A recently published secondary analysis3 of an RCT on nurse health coaching found that 12 individuals of the 56 in the intervention group who we identified as having social risk factors showed the same improvement in cognitive–behavioral outcomes as the entire sample. Because it is often thought that such individuals would not improve as well as more socially advantaged individuals, we wanted to explore the issues and context of how these individuals responded to a nurse health coach (NHC) intervention. The program was designed to equip and empower participants aged ≥50 years to achieve and maintain their health and optimal functioning to support independent living at home. The 8-week intervention protocol was delivered virtually using a 2-way video connection by trained NHCs and has been published elsewhere.3,4

Three cases were representative of participants with at least 3 areas of SDH: low income (<$20,000/year),5 presence of health disparities, and social disadvantages. Health disparities were the constellation of health problems that may be explained by differences due to gender, race, ethnicity, education/income, disability, or location, that is, not merely by age or hereditary risk factors.6 Social disadvantages were related to social isolation or circumstances that hampered their ability to access health care, public goods, or services such as grocery or transportation.7

Per Crowe et al.8 guidelines on conducting case study research, we used the format through an intrinsic case study; that is, we selected each case on the basis of its own merits. Our cases were selected not because they were representative of other cases but because of their uniqueness, which is of genuine interest to the researchers. Each NHC chose 1 case they considered typical of the SDH subgroup to more fully illustrate the process, issues, and context of nurse health coaching. From these cases, we derive meaningful information about the strengths and barriers in working with this group of individuals and identify specific areas for further study.

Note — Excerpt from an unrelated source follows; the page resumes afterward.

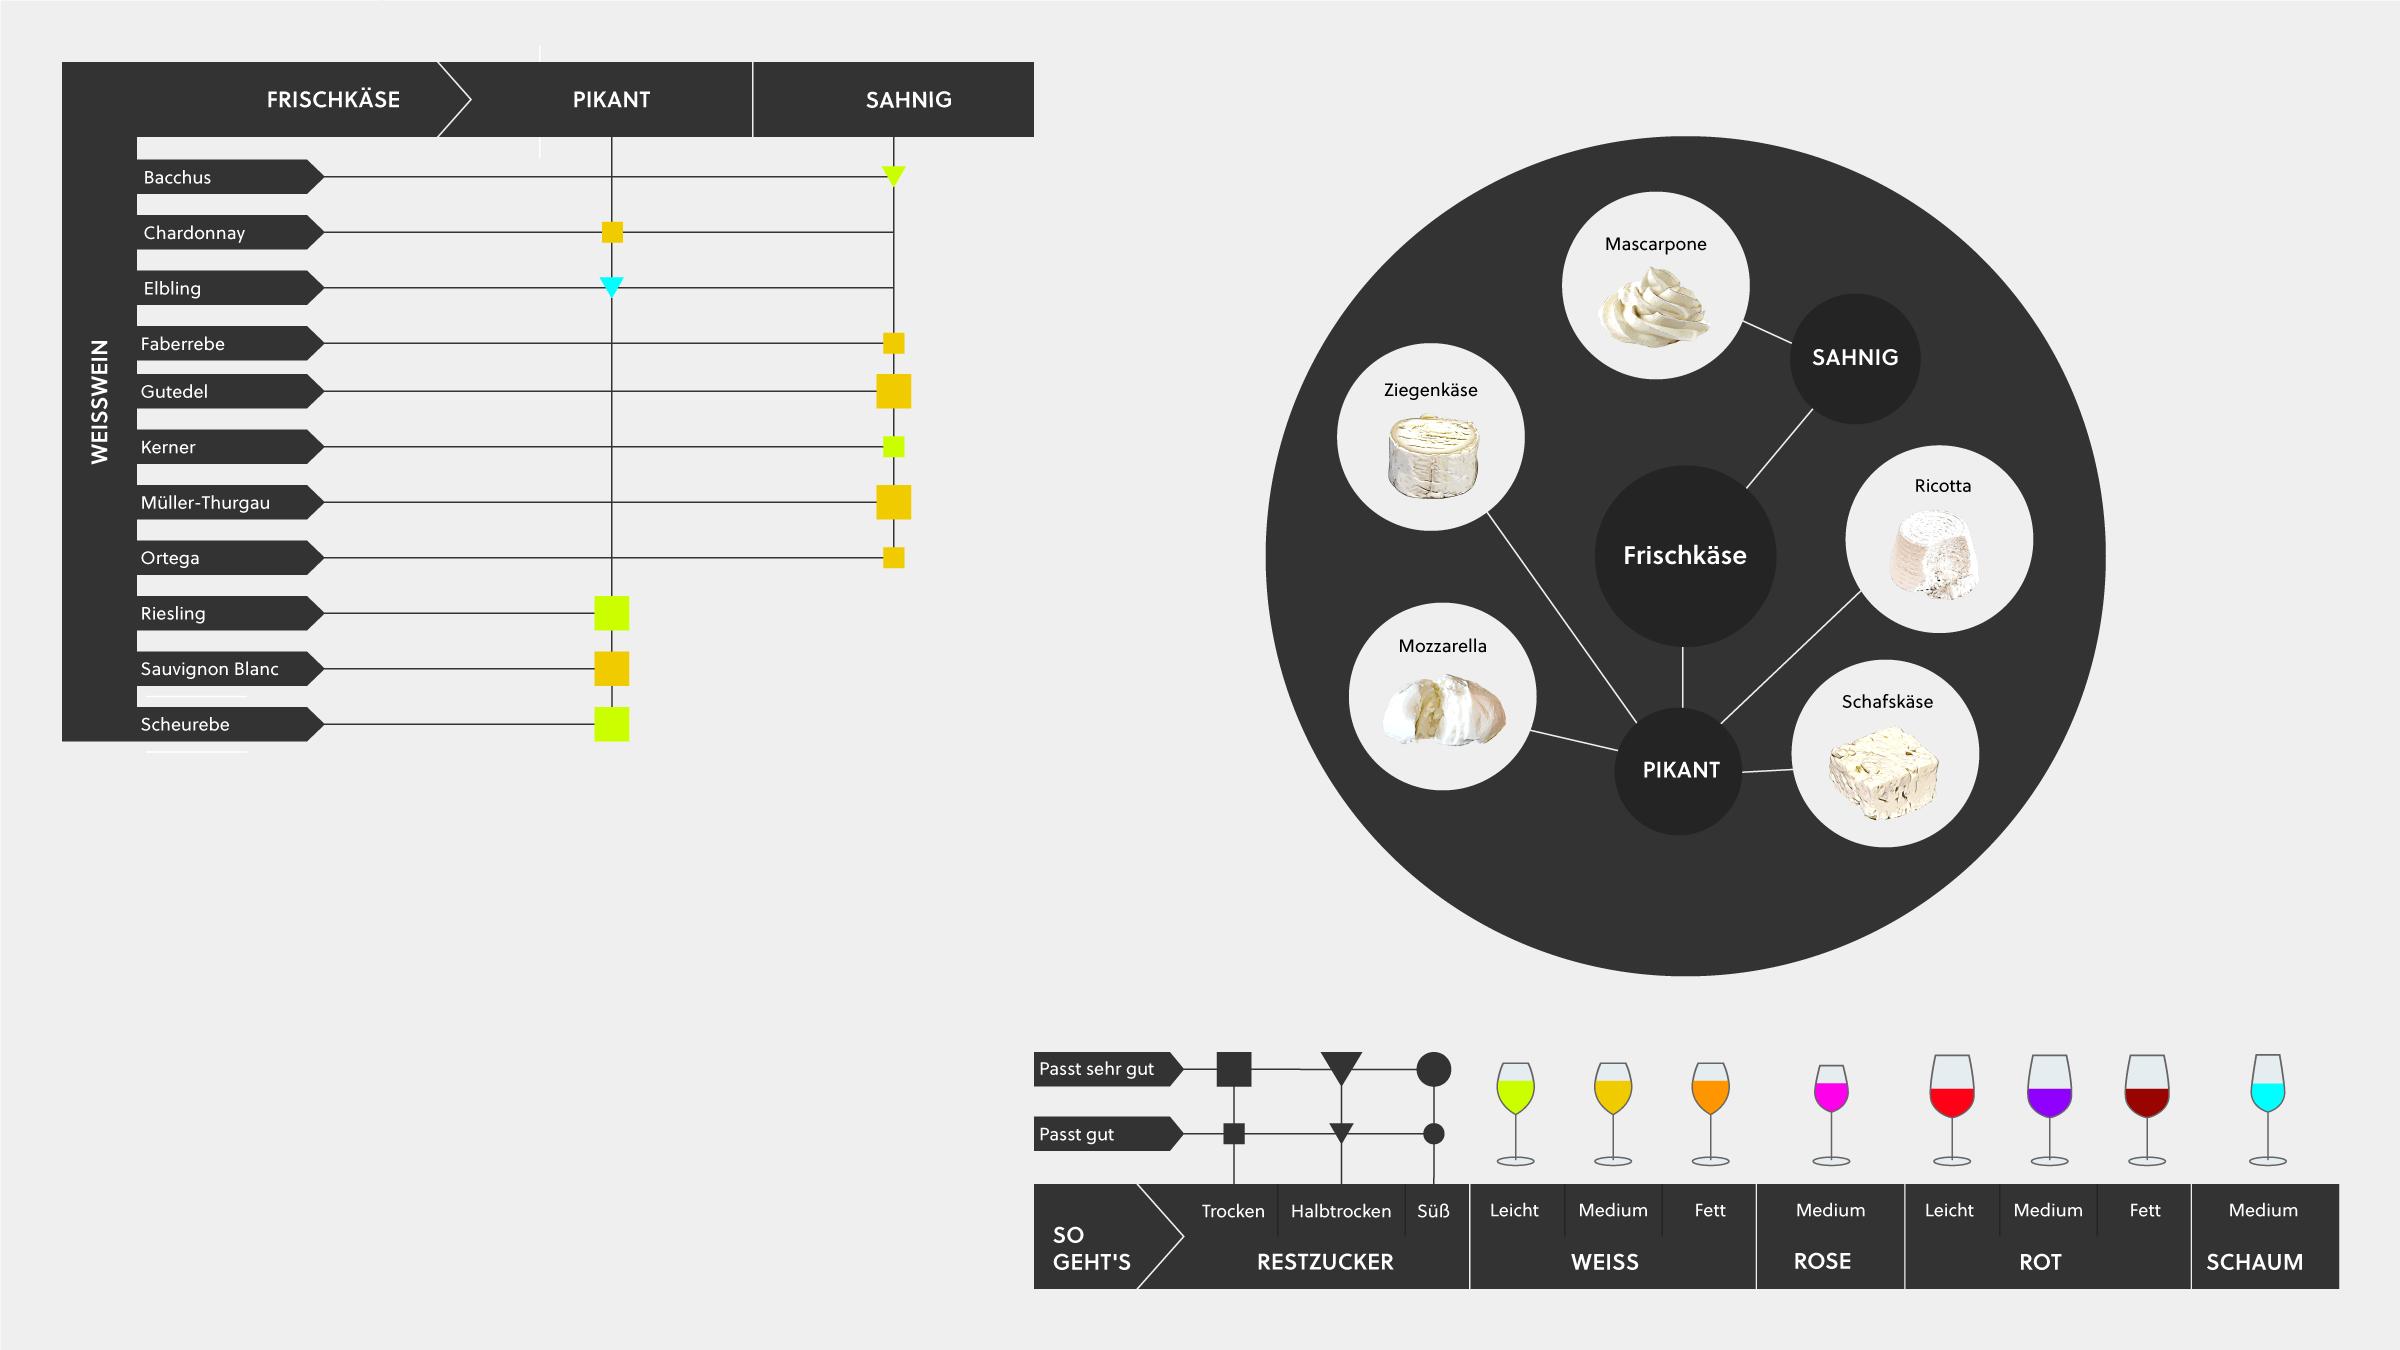 Wein und Käse Infografik mit Tipps, deutschen Wein mit verschiedenen Frischkäsen zu kombinieren.

In all 3 cases, the individuals are African American women, aged 60–72 years, and with some college education. In addition, each has 3 or more early-onset chronic diseases, such as hypertension, diabetes, chronic obstructive pulmonary disease, or obesity, and/or a level of physical disability. Although the NHC facilitated a discussion about lifestyle change, their goals were participant driven. The assigned names are not the participants’ real ones. The individuals described in this paper each signed specific consents, approved by the IRB for Human Studies, for use of their information in this report.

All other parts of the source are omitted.